The OctaWeb was introduced with the Falcon 9 v1.1 upgrade in 2013, a stretched and enhanced version of the rocket that replaced the original design. For the first five Falcon 9 missions, using what has retrospectively become known as Falcon 9 v1.0, the engines were arranged three-by-three in a square.
Falcon 9 v1.1 was superseded by another improved design, Falcon 9 v1.2 – also known as Falcon 9 Full Thrust – in December 2015. Amongst the changes were a move to supercooled oxidizer – which is more dense, allowing a greater mass of liquid oxygen to be carried – and uprated engines. Within this version, SpaceX has continued to refine the rocket’s design with incremental production blocks, culminating in the Block 5 that represents the final major revision of the Falcon 9.
Once the countdown reached zero, Falcon 9 lifted off to begin its mission. Around Seventy-eight seconds after liftoff the rocket passed through the area of maximum dynamic pressure – Max-Q – which is the point at which the combination of aerodynamic forces and the rocket’s velocity combined to put it under the highest mechanical stress that it experienced during the ascent.

The Nine Merlin 1Ds powering Falcon 9 off the pad – Photo by Brady Kenniston for NSF/L2
The first stage – Core 1040 – burned for the first two minutes and 44 seconds of flight. Separation of the spent first stage took place four seconds after its cutoff, with the second stage igniting its single Merlin Vacuum (MVac) engine a further seven seconds after staging.
Although Core 1040 was not recovered, SpaceX has sometimes used these missions to demonstrate techniques to aid future recovery operations – such as different landing burn profiles – before the stage falls into the Atlantic Ocean. The company has not announced whether any such tests will be conducted with Core 1040.

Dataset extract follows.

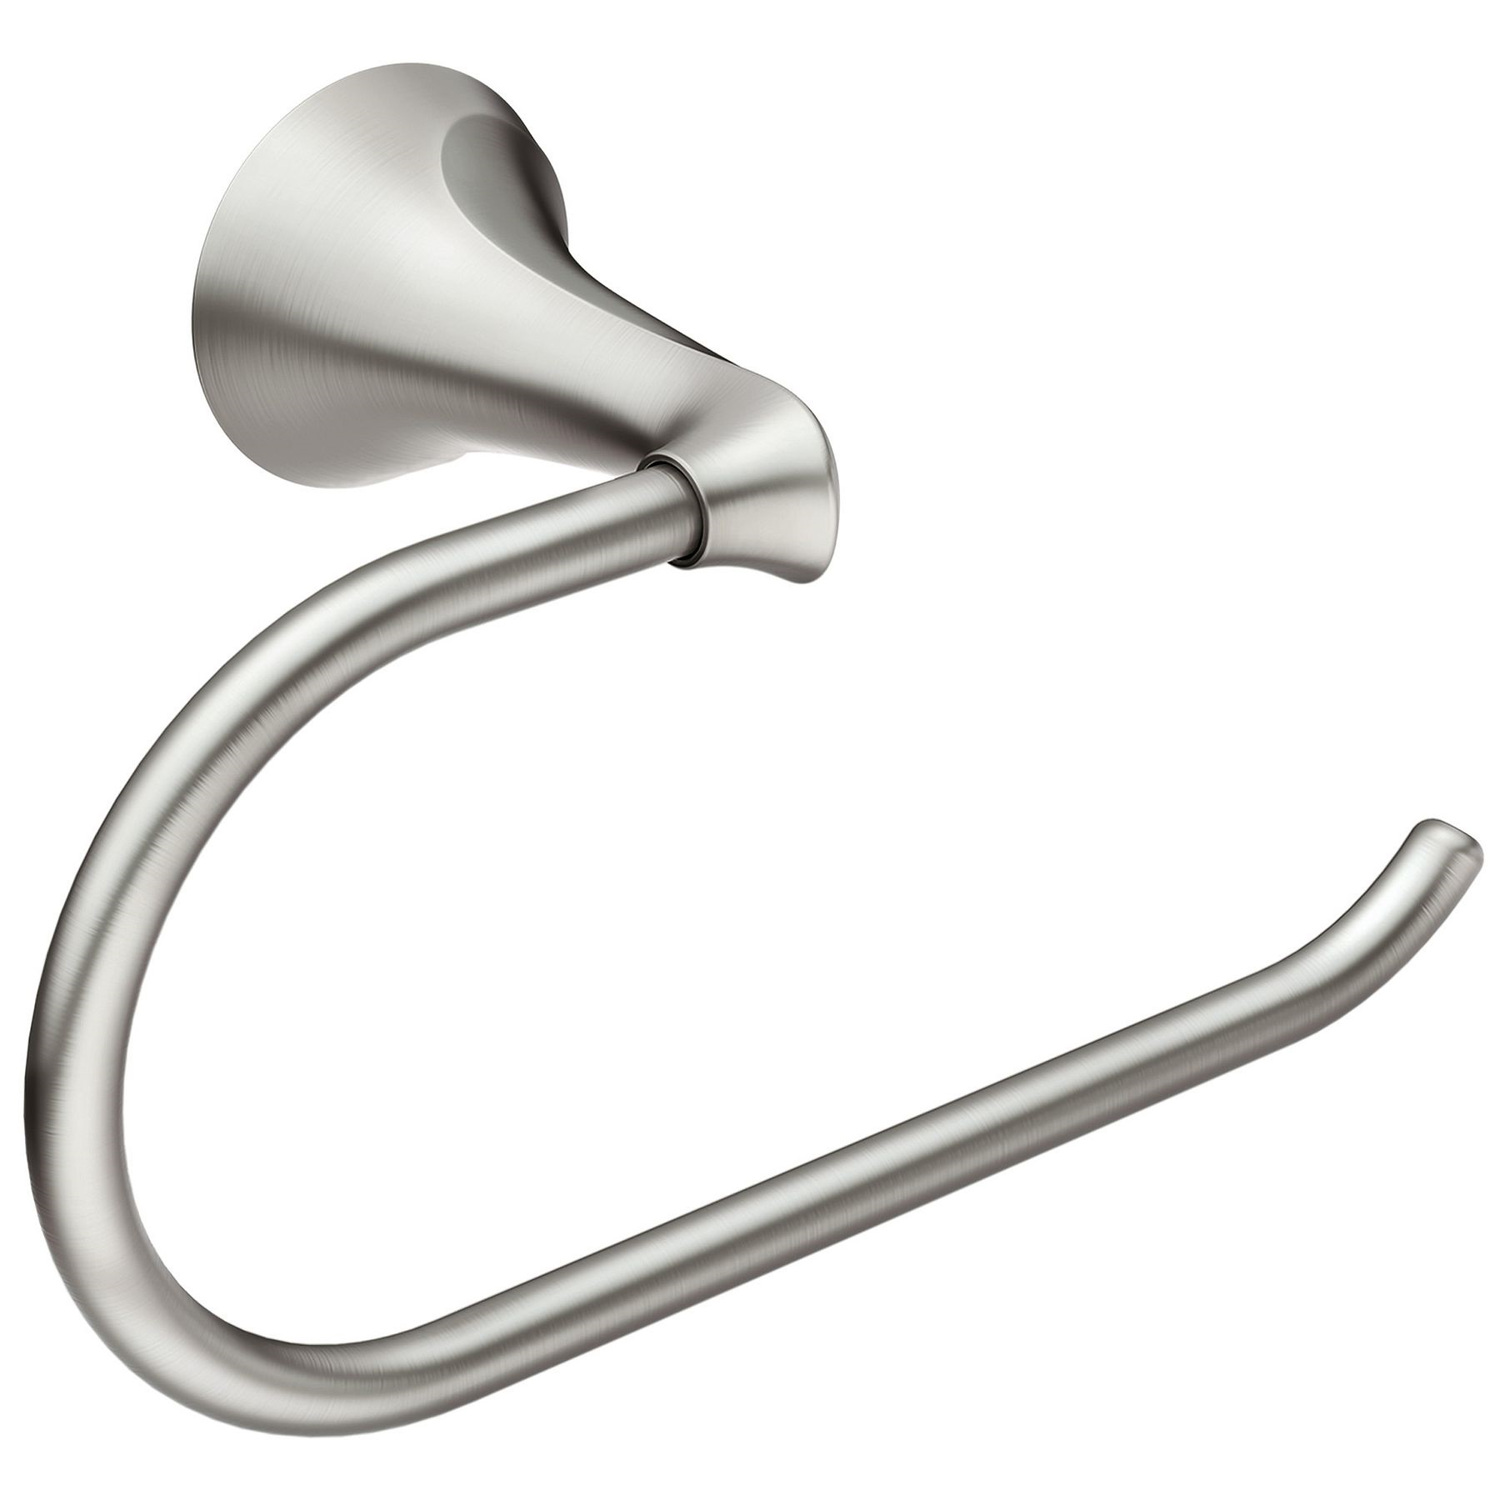 Photos - Other interior and decor Moen Darcy Brushed Nickel Toilet Paper Holder MY1509BN

The second stage made two burns during the launch. The first of these placed the stage, with the SES-12 satellite attached, into an initial parking orbit. This saw the Merlin Vacuum engine burn to T+8 mins and 25 seconds. The Merlin Vacuum is a version of the Merlin-1D engine optimized to be more efficient in the vacuum of space than in the Earth’s atmosphere. It burns the same propellants as the engines on the first stage.

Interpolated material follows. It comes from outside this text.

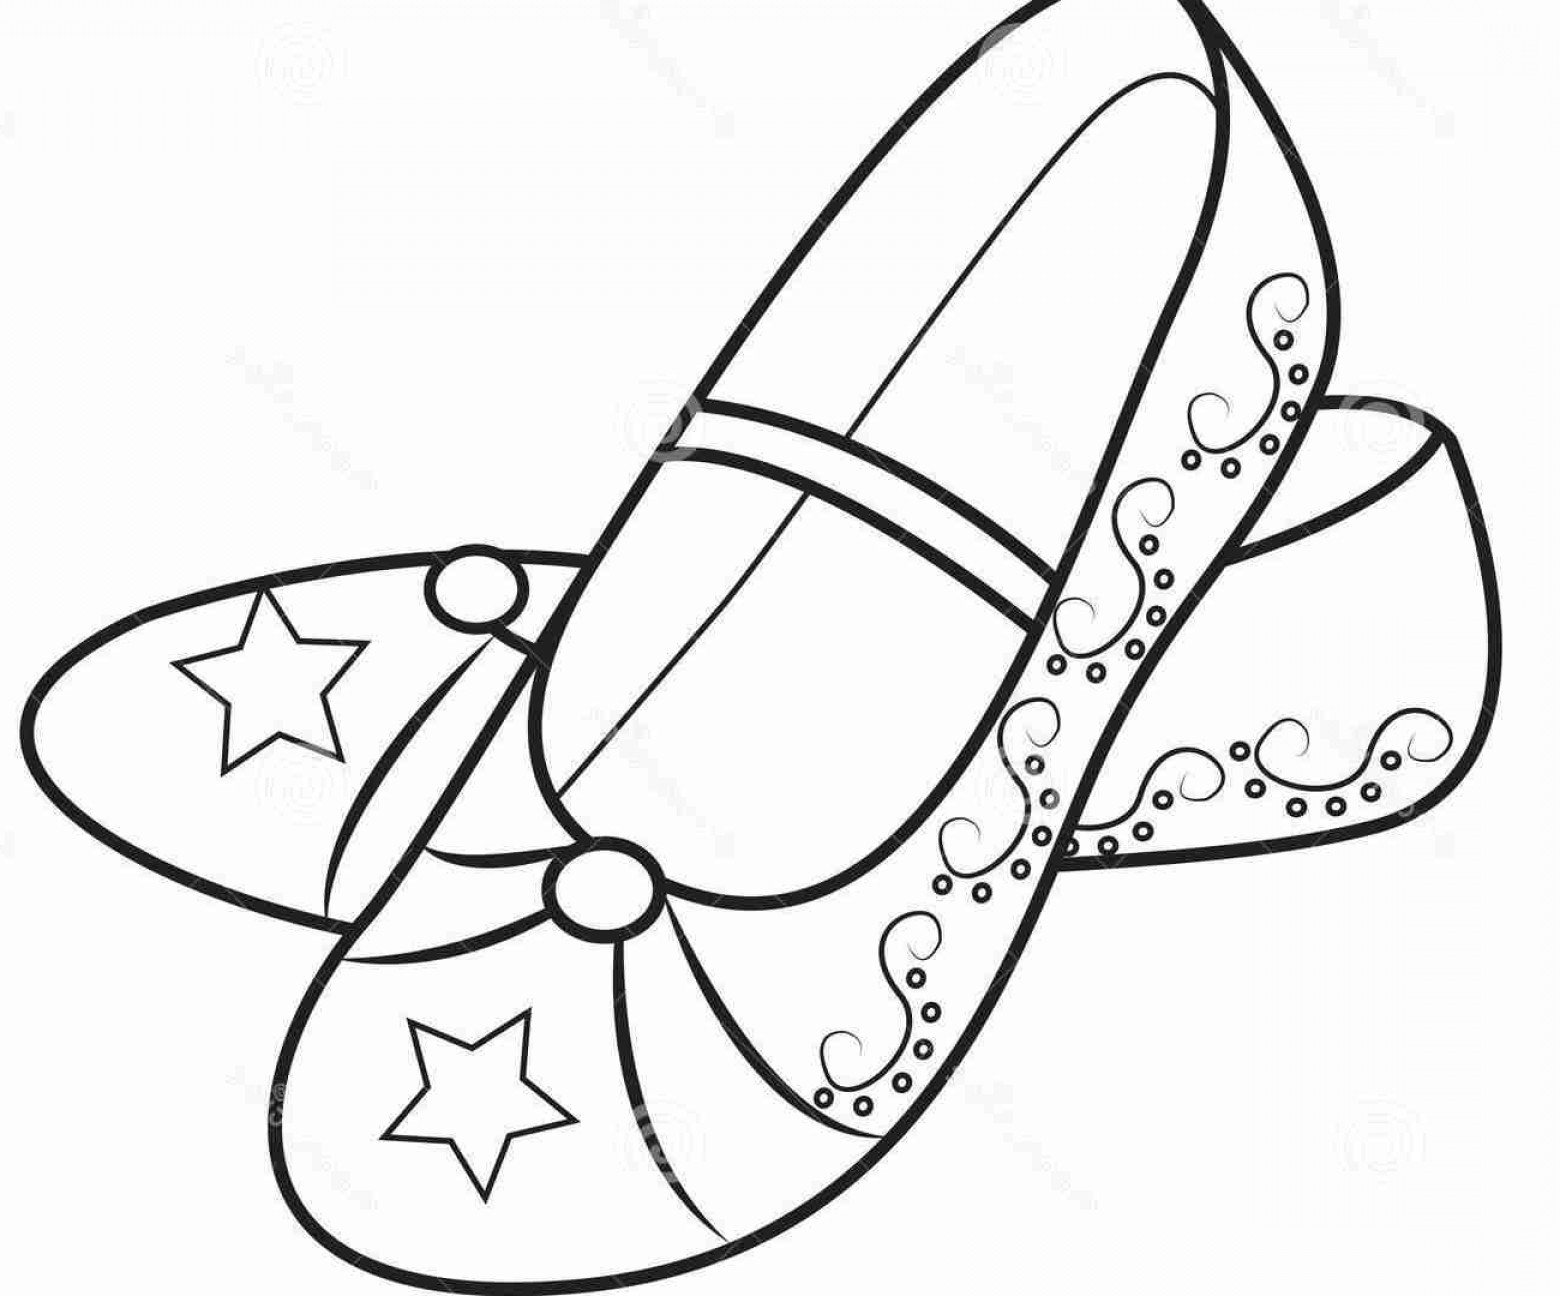 coloring book ~ Jordan Shoes Drawing Free Download On Clipartmag Coloring  Pages Images Of Printable For Kids Nike Awesome Jordan Shoes Coloring Pages  Picture Ideas. Images Of Jordan Shoes Coloring Pages Printable.

The key times for the #SpaceX #SES12 mission. pic.twitter.com/YZeXphsTud
— Michael Baylor (@nextspaceflight) June 3, 2018
About 32 seconds after second stage ignition, with the rocket clear of Earth’s atmosphere, Falcon’s payload fairing separated. Splitting down the middle into two halves, the fairing fell away from Falcon. It is likely that at least one side of the fairing is carrying recovery hardware – including a parachute – to allow SpaceX to gather further data to support its fairing reuse project.
After the second stage’s first burn concluded, Falcon will coast to T-26 minutes before a second burn carried the satellite to its planned geostationary transfer orbit. The second burn, which will last about 55 seconds, will raise the orbit’s apogee and places SES-12 into its targeted deployment orbit. Spacecraft separation is expected about five minutes after the end of the burn.

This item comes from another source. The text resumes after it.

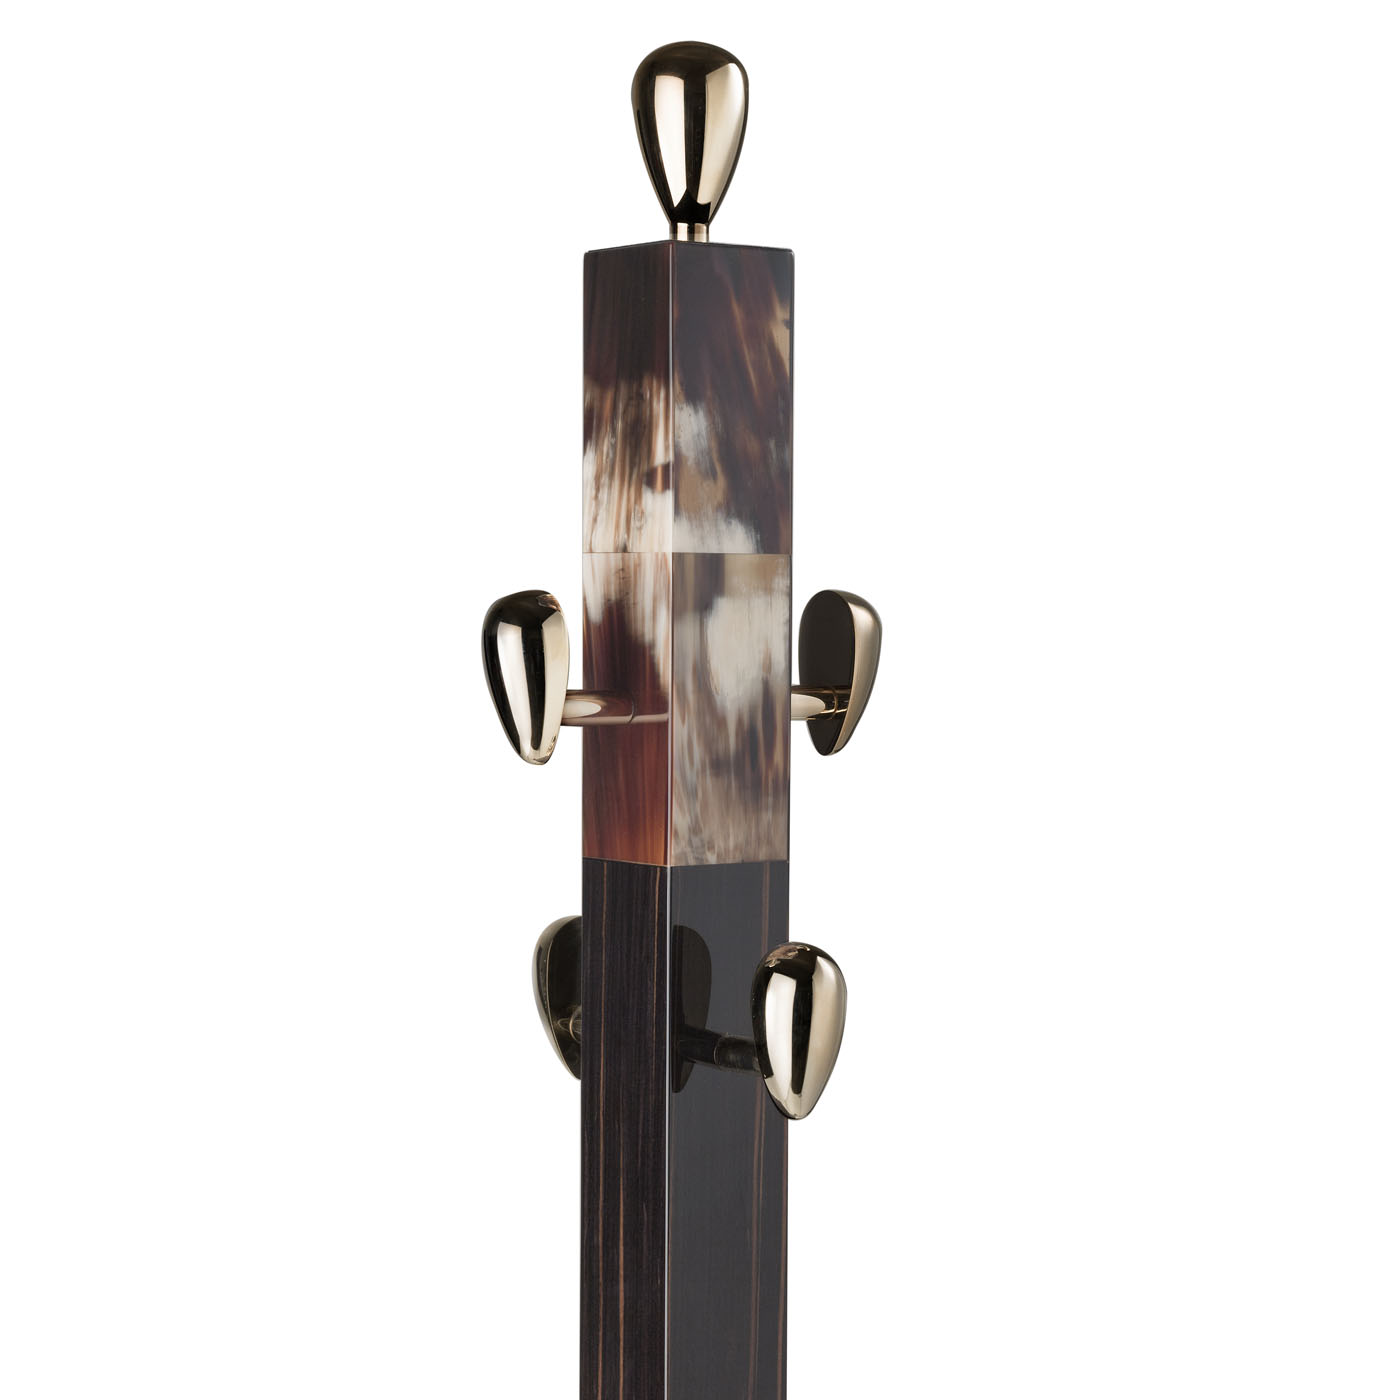 Coat stands and complementary furniture - Giglio coat stand in horn and glossy ebony - hangers detail - Arcahorn

The launch followed two successful launches for SpaceX last month – with the deployment of the Bangabandhu-1 communications satellite by the first Block 5 Falcon 9 on 11 May and a California launch with a payload of five Iridium-NEXT satellites and the twin-satellite GRACE-FO Earth science mission. The next Falcon mission is expected to fly at the end of June, with SpaceX’s Dragon spacecraft beginning its CRS-15 resupply flight to the International Space Station.